The education of children must always be somewhat painful for a parent: it does them out of job. And for conservatives, this invitation for children to think for themselves will always be a virus. It will always feel like “indoctrination.” It will always be some establishment conspiracy arrayed against them.
That’s why I don’t think conservatives, at least some of them, will ever stop trying to burn down public education. Sometimes they even admit it: “I hope to see the day when, as in the early days of our country, we don’t have public schools,” Jerry Falwell said in 1979, though he denied it when confronted with the quote. “The churches will have taken them over again, and Christians will be running them.”

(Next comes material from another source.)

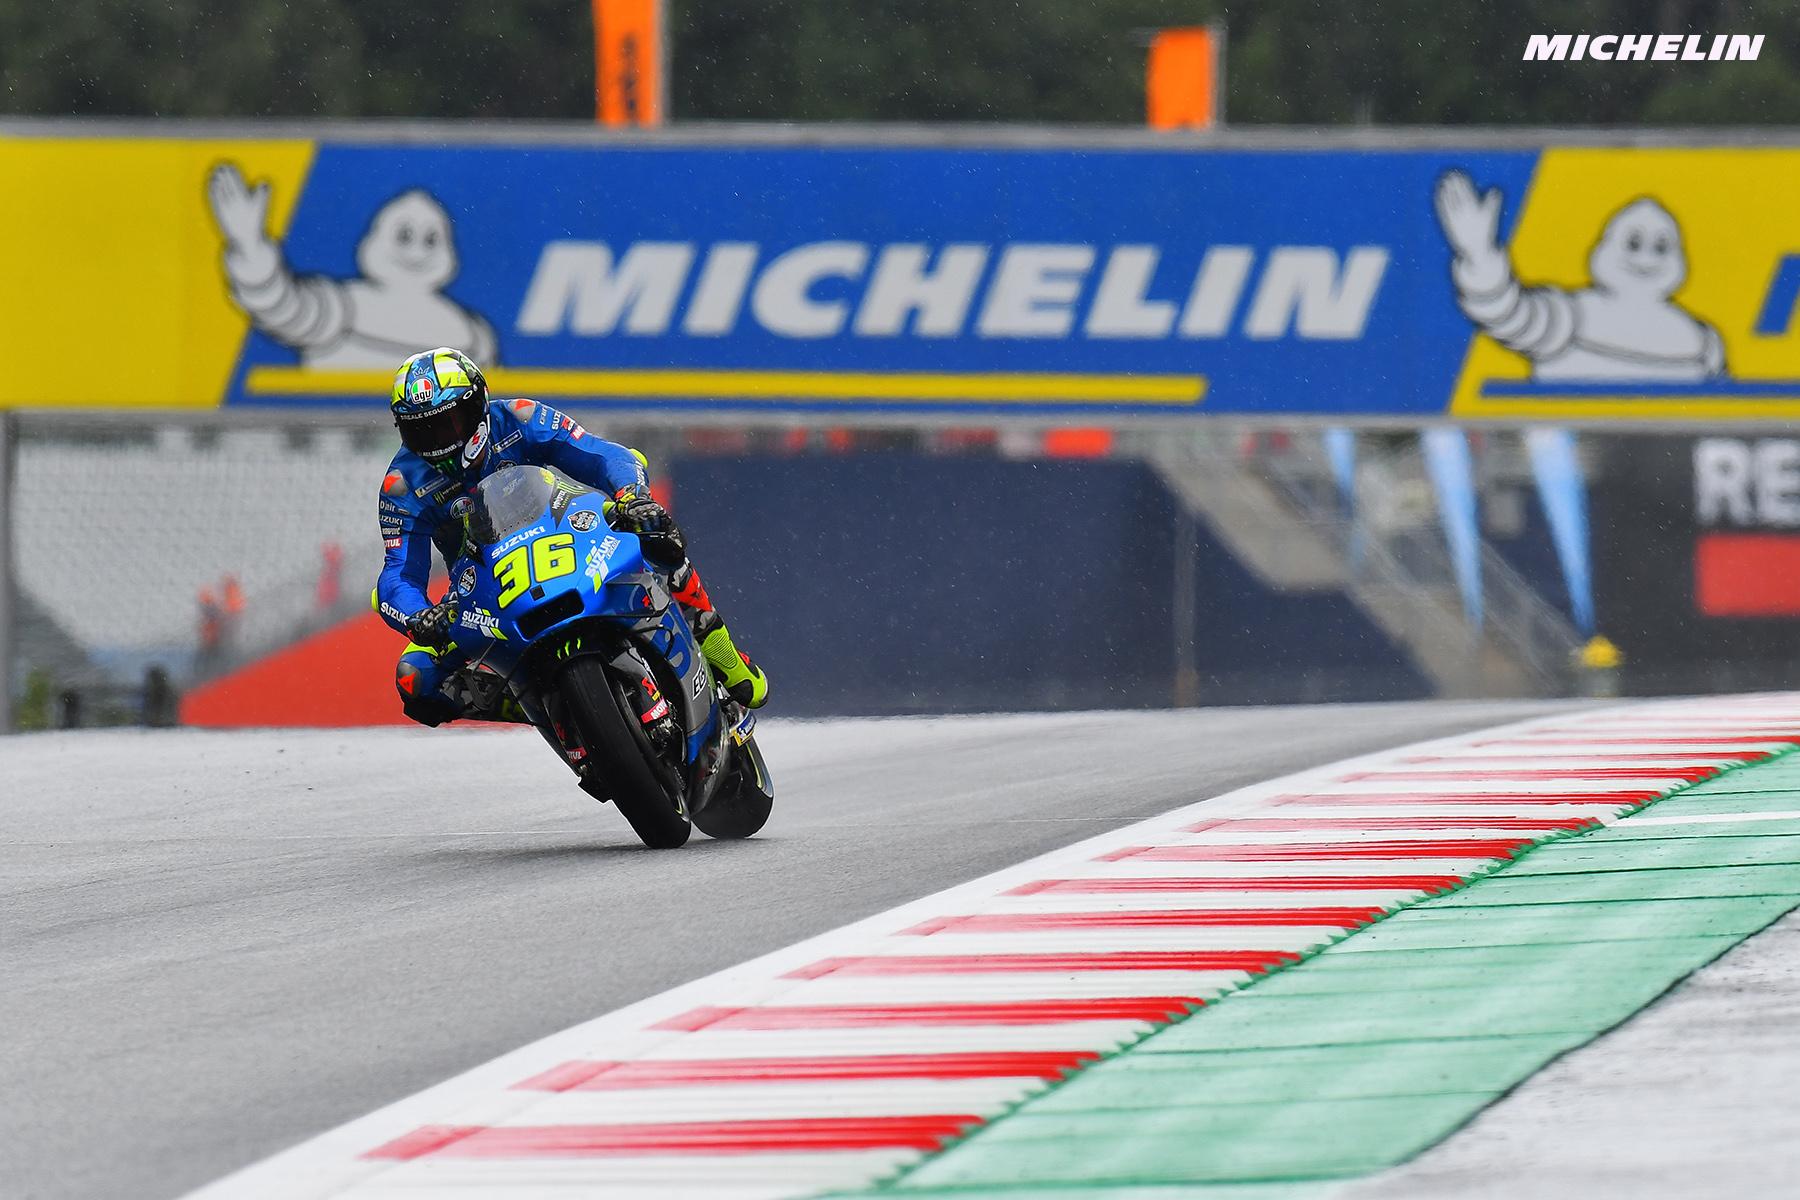 MotoGP2021 初日総合2位 ジョアン・ミル「ペースが良い事が重要」

There is only one way to answer this attitude—an answer that can never be negotiated away: Assert with pride that the purpose of public education in our republic is to make us free, self-determining individuals. For some of us, that process will send us running far from our natal villages, never to return. That’s just life. That’s the real world. Although for some people, it will draw them closer to the world we came from than they’d imagined possible. It may even graduate them as conservatives. Conservatives should welcome the risk—for an identity that is freely chosen will always be stronger than one that’s produced under compulsion. And once they savor this sort of freedom for themselves, perhaps they’ll be less histrionic about granting it to others in turn.
Rick Perlstein is a historian and author of Reaganland: America’s Right Turn, 1976-1980.